Topic: Parsing XML

I've pasted below a short program I have written for parsing XML into a tree structure in Ruby.

ATTRIBUTE = /\s\w+=('\w*'|"\w*")/
ELEMENT = /<\/?\w+#{ATTRIBUTE}*\s*\/?>/

OPEN = 1
CLOSE = 2
SOLE = 3

def recurse(list, xml, depth=0)
  tag, xml      = next_tag(xml)
  if tag == nil
    return list
  else
    tagname, type = parse_tag(tag)
    if type == CLOSE
      recurse( list, xml, depth-1 )
    else
      list = push_at_depth(list, depth, tagname)
      if type == OPEN
        recurse( list, xml, depth+1)
      else #ie. type == SOLE
        recurse( list, xml, depth)
      end
    end
  end
end

def push_at_depth(list, depth, tagname)
  if depth == 0
    list.push(
        { :name => tagname, :elements => [] } )
  elsif depth == 1
    list[-1][:elements].push(
        { :name => tagname, :elements => [] } )
  elsif depth == 2
    list[-1][:elements][-1][:elements].push(
        { :name => tagname, :elements => [] } )
  elsif depth == 3
    list[-1][:elements][-1][:elements][-1][:elements].push(
        { :name => tagname, :elements => [] } )
  elsif depth == 4
    list[-1][:elements][-1][:elements][-1][:elements][-1][:elements].push(
        { :name => tagname, :elements => [] } )
  end
  list
end

def next_tag(xml)
  if xml =~ ELEMENT
    return [$&, $']
  else
    return nil
  end
end

def parse_tag(tag)
  type       = tag_type(tag)
  match_word = /(\w|\d)+/
  if tag =~ match_word
    return [$&, type]
  else
    return [nil, type]
  end
end

def tag_type(tag)
  slash_pos = tag.index("/")
  if slash_pos == nil
    type = OPEN
  elsif slash_pos == 1
    type = CLOSE
  else
    type = SOLE
  end
end


I've tested it with the following code, and it works as intended:

require "test/unit"

class TestXmlTree < Test::Unit::TestCase
 
  def setup
    @xml = "<A1/><A2><B1></B1><B2></B2><B3></B3></A2><A3><B4><C1></C1><C2></C2><C3></C3></B4><B5><C4></C4><C5></C5></B5></A3>"
    @tree = [
      { :elements => [], :name => "A1" },
      { :elements => [
          { :elements => [], :name => "B1" },
          { :elements => [], :name => "B2" },
          { :elements => [], :name => "B3" }
        ],  :name => "A2" },
      { :elements => [
          { :elements => [
              { :elements => [], :name => "C1" },
              { :elements => [], :name => "C2" },
              { :elements => [], :name => "C3" }
            ], :name => "B4"},
          { :elements => [
              { :elements => [], :name => "C4" },
              { :elements => [], :name => "C5" }
            ], :name => "B5" }
        ],  :name => "A3"}
    ]
   
  end
 
  def test_recurse
    xml = @xml
    tree = recurse([], xml)
    assert_equal(@tree, tree)
  end


First off, I suppose there are plenty of ready-rolled solutions out there that do a better job of this. The reason I went to the effort was that I was off-line over the weekend, and wanted to get something up and working. In any case, I figured, it would be good practice.

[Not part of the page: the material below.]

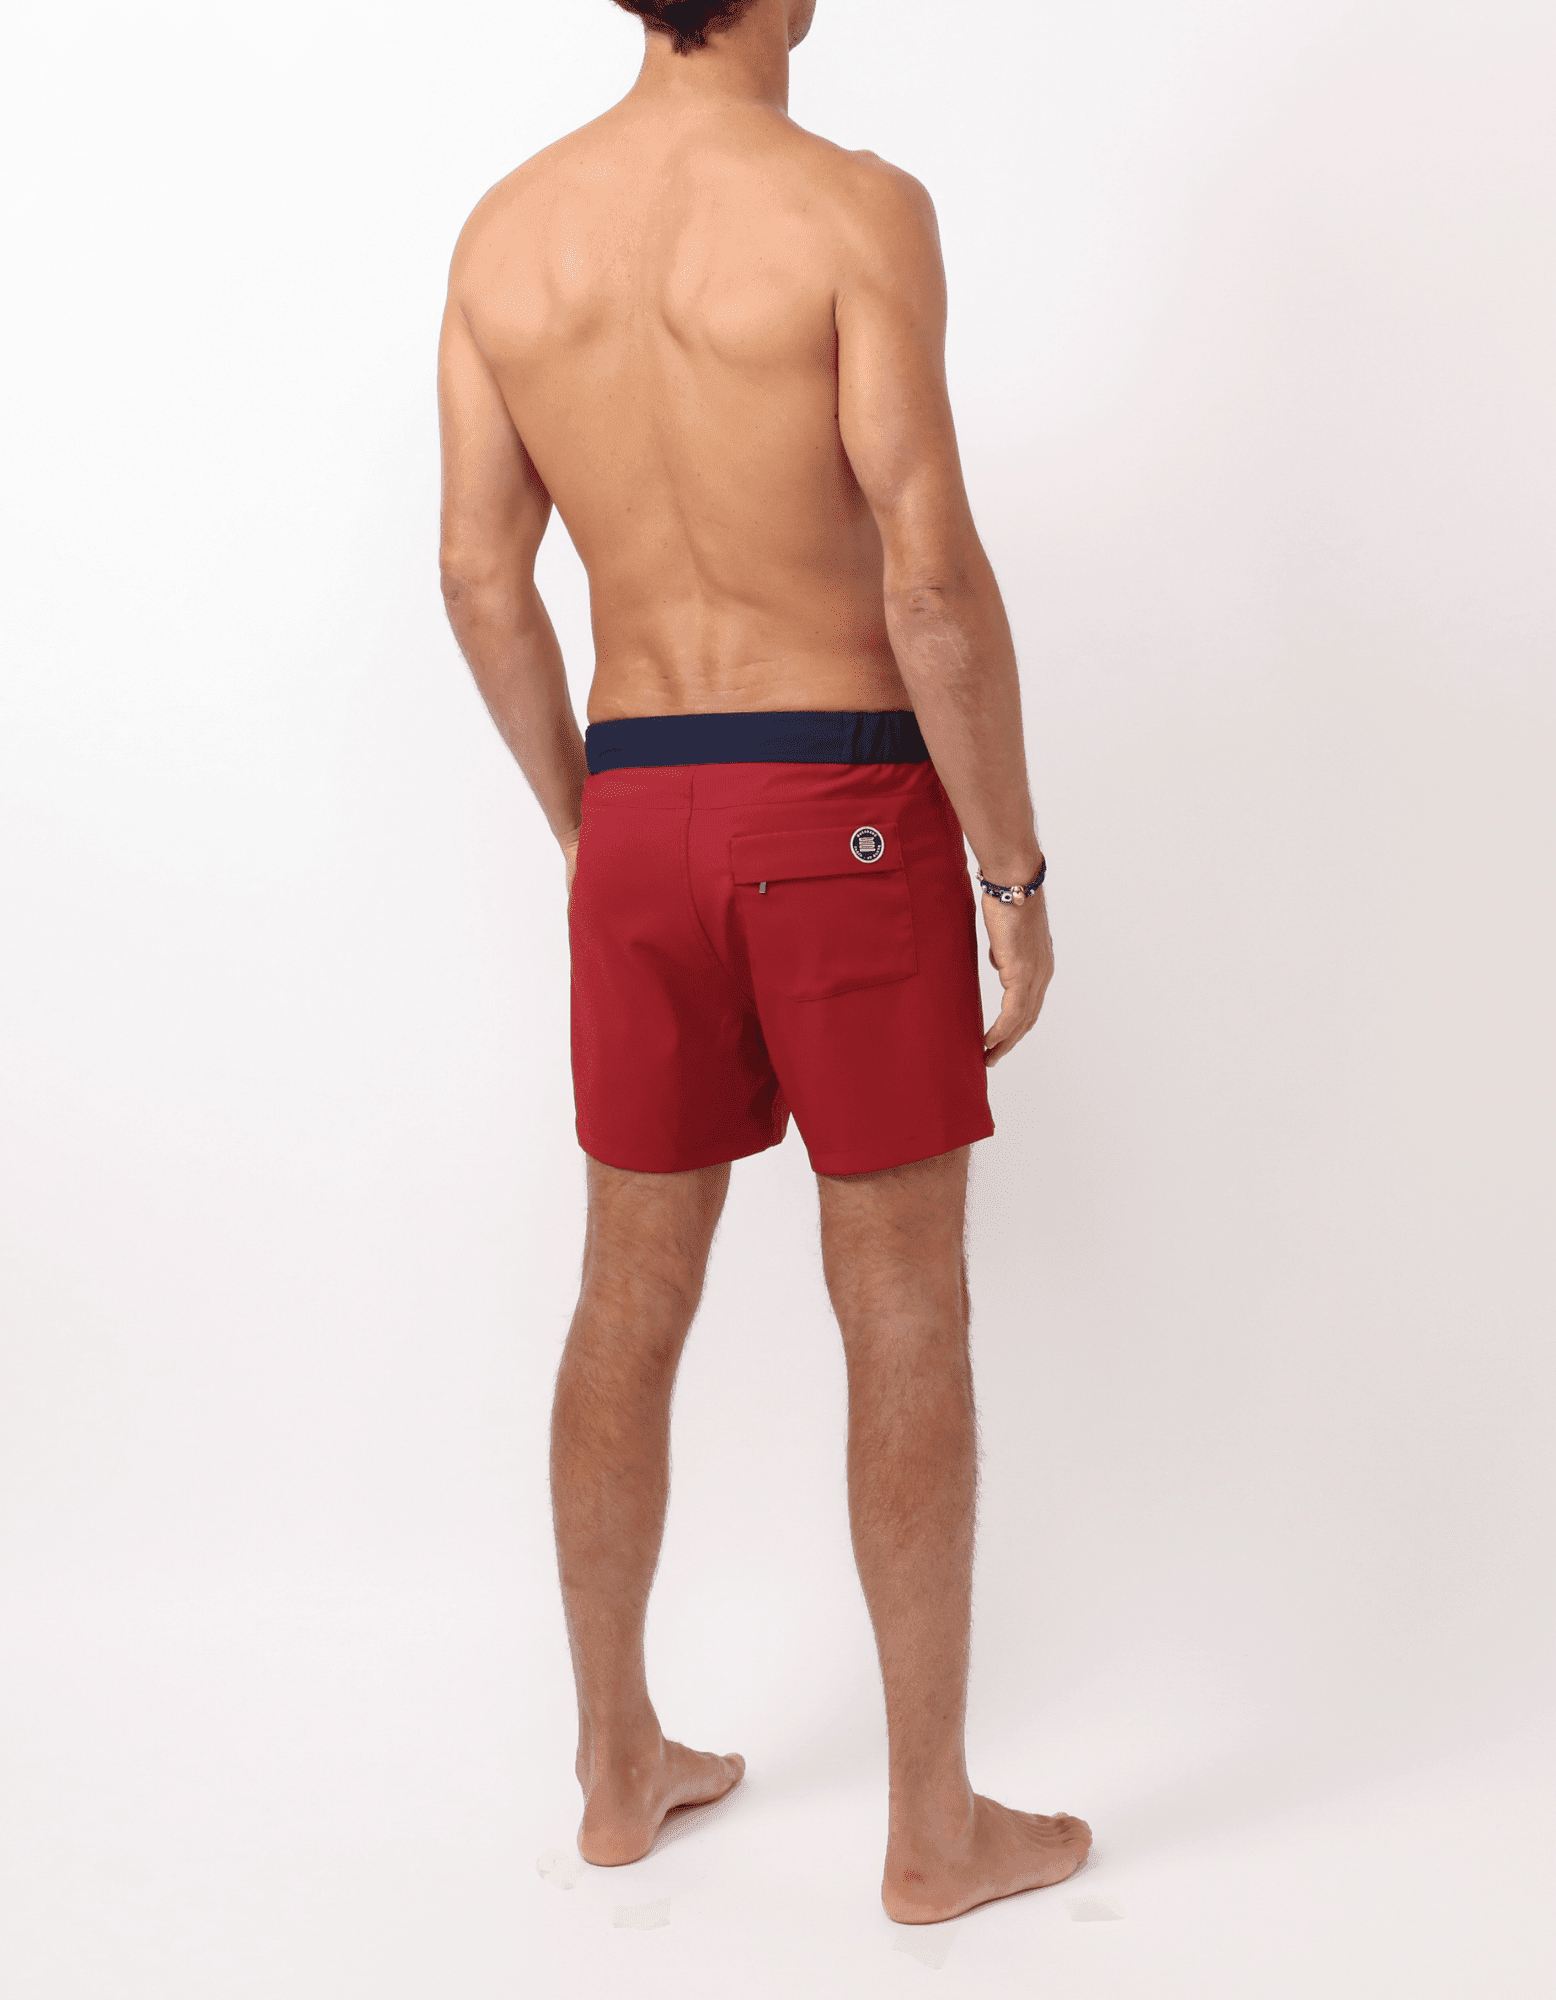 Gize - 01. Bordo & Navy Swim Shorts - Gize MACKEENE

The one part of the program that I'm not happy with is the method called push_at_depth:

def push_at_depth(list, depth, tagname)
  if depth == 0
    list.push(
        { :name => tagname, :elements => [] } )
  elsif depth == 1
    list[-1][:elements].push(
        { :name => tagname, :elements => [] } )
  elsif depth == 2
    list[-1][:elements][-1][:elements].push(
        { :name => tagname, :elements => [] } )
  elsif depth == 3
    list[-1][:elements][-1][:elements][-1][:elements].push(
        { :name => tagname, :elements => [] } )
  elsif depth == 4
    list[-1][:elements][-1][:elements][-1][:elements][-1][:elements].push(
        { :name => tagname, :elements => [] } )
  end
  list
end

There must be a better way of doing this, but I can't figure it out.
In my pidgin-Ruby pseudo-code, this is how I imagine it would work:

def push_at_depth(list, depth, tagname)
    level = "[-1][:elements]" * depth
    list#{level}.push( { :name => tagname, :elements => [] } )
end

I'd be really grateful if someone could point me in the right direction with this.

Thanks.

Re: Parsing XML

http://www.xml.com/pub/a/2006/01/04/cre … ilder.html

Re: Parsing XML

Thanks for the link. I'm sure it will come in handy some day. The tutorial shows how to build an XML file, by passing objects such as hashes from Ruby. The problem I was tackling was to go the other way: reading an XML file, and turning it into Ruby objects.

My question was whether there is a neater way of doing something like:

list[-1][:elements][-1][:elements][-1][:elements][-1][:elements].push( { :name => tagname, :elements => [] } )

Rather than repeating [-1][:elements] again and again, I'd like to know if I can just say something like:

level = "[-1][:elements]" * depth
list#{level}.push( { :name => tagname, :elements => [] } )

I suspect this is some kind of 'reflection' or 'introspection', but can't figure it out.

Anyone?

Thanks.

Re: Parsing XML

Use REXML to parse XML.
http://www.xml.com/pub/a/2007/01/17/mak … ilder.html